Government signs $1.4 billion deal to protect crucial land: ‘An end to pressure on a natural treasure’

The Spanish government is allocating 1.4 billion euros (about $1.5 billion, as of early December) to protect Doñana National Park from intensifying drought, as Euronews and other sources reported.

The park is under severe strain, ecologists say, from both agriculture and tourism. Rising temperatures and a lengthy drought, which have both been amplified by human-caused air pollution, have exacerbated the problem, making it vital for the Spanish government to intervene.

Part of the money will go toward offering farmers incentives to use less water. The farmers will be paid to stop cultivating land in and around 14 towns close to Doñana National Park, per Euronews, and to instead reforest that land.

The region is the world’s largest exporter of strawberries. However, the cultivation of these fruits, coupled with the drought, has greatly taxed the area’s aquifers.
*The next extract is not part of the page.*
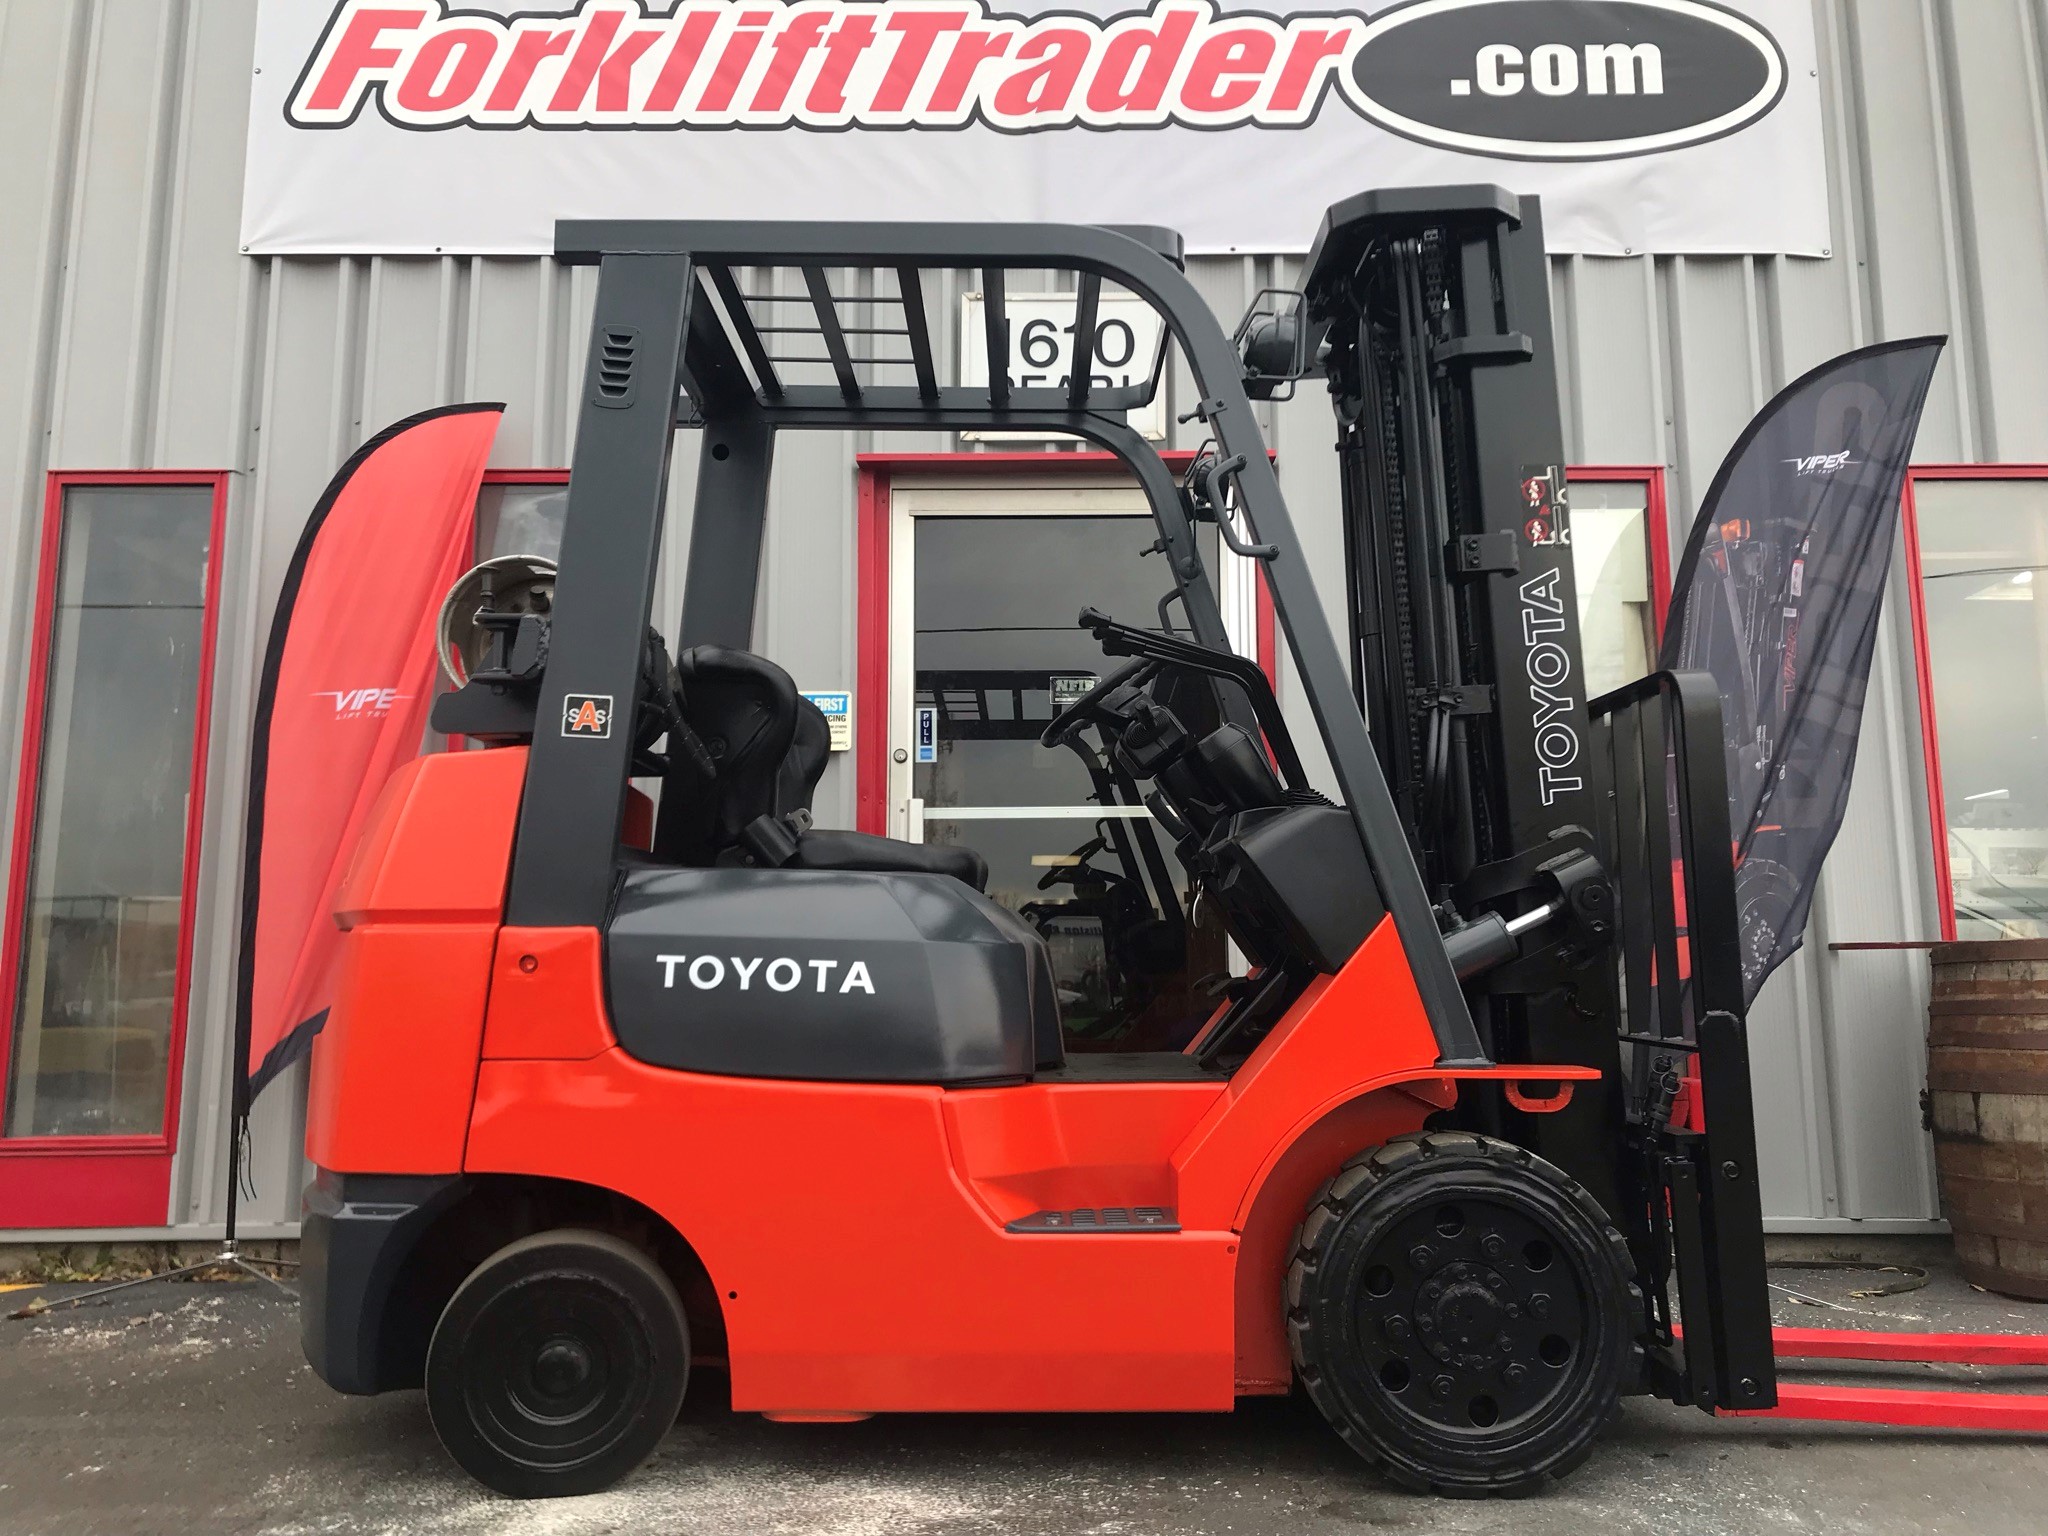 Cushion tires 2004 toyota forklift for sale
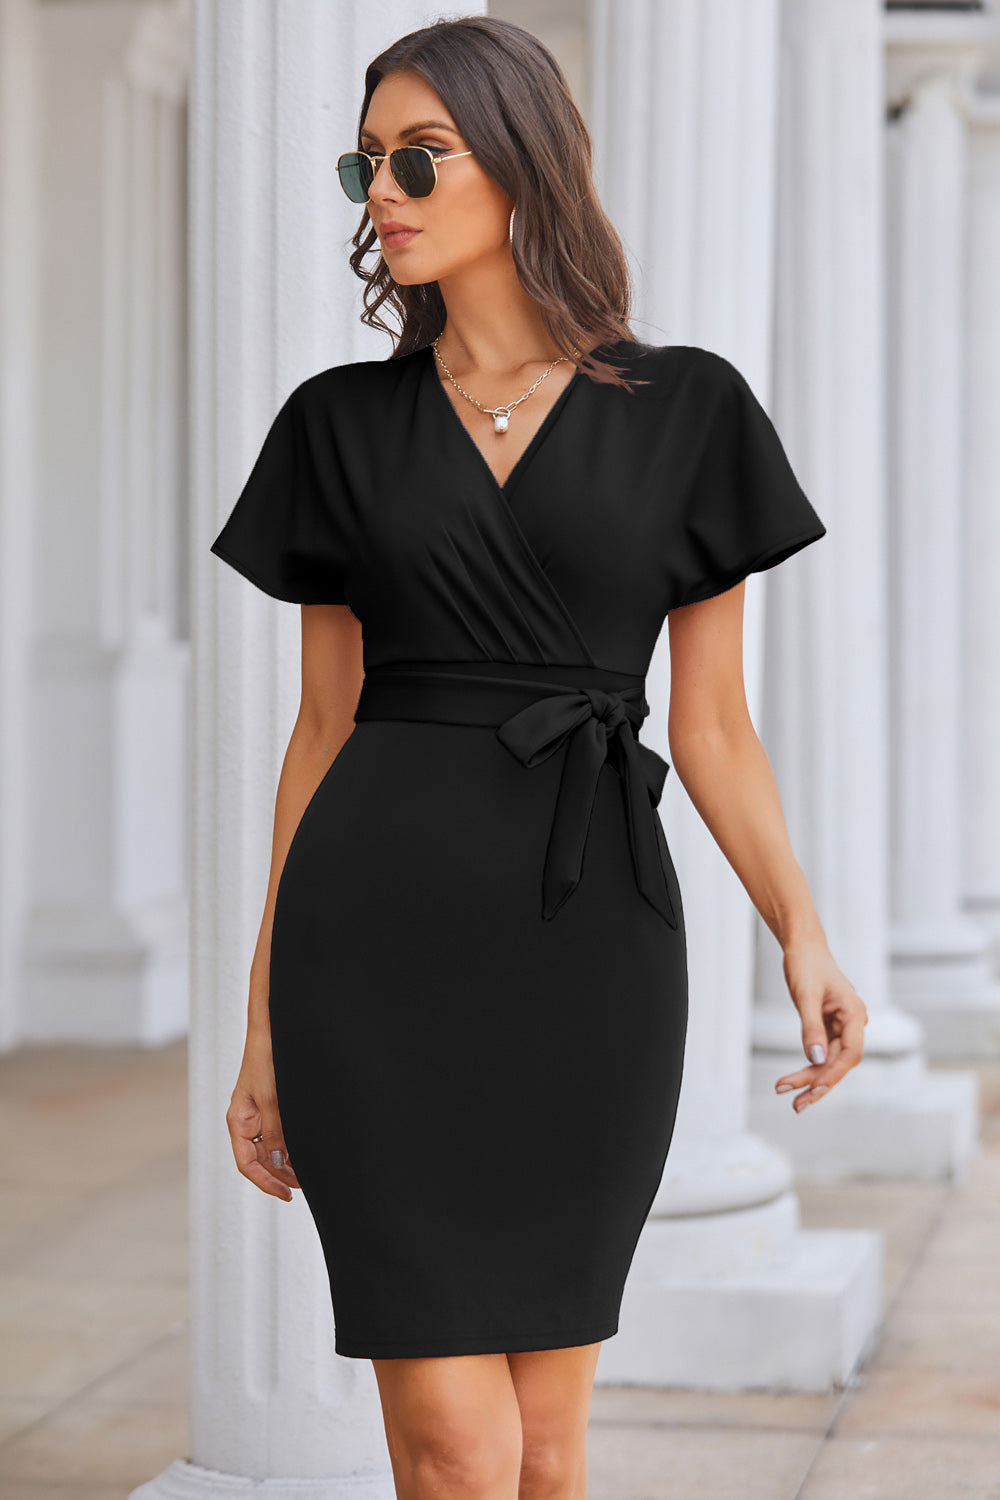 【Only $9.99】GRACE KARIN Short Sleeve With Belt Bodycon Dress

“The Doñana reserve is slowly dying under the effects of prolonged drought, aggravated by the overexploitation of groundwater for the intensive production of strawberries,” Le Monde wrote earlier this year. A significant portion of this farming has been done using illegal wells, the outlet reported.

Doñana National Park covers 74,000 hectares (around 183,000 acres) on Spain’s southern coast, according to Euronews. In an additional effort to help it survive, the region of Andalusia recently announced a plan to purchase and annex 7,500 hectares (around 18,500 acres) of it from a private owner for 70 million euros (around $75.5 million).

The Andalusian regional government will also cancel its much-criticized plans to expand irrigation near Doñana and give amnesty to those using illegal wells, per Le Monde.

“This is an agreement with which we put an end to pressure on a natural treasure the likes of which there are few in the world,” Ecological Transition Minister Teresa Ribera said, as quoted by Euronews.

Spain has taken other drastic measures recently to save its natural environment from the effects of human-caused pollution. Last year, Spain’s Congress ratified a measure to grant legal personhood to a saltwater lagoon, giving it rights to conservation, restoration, and protection.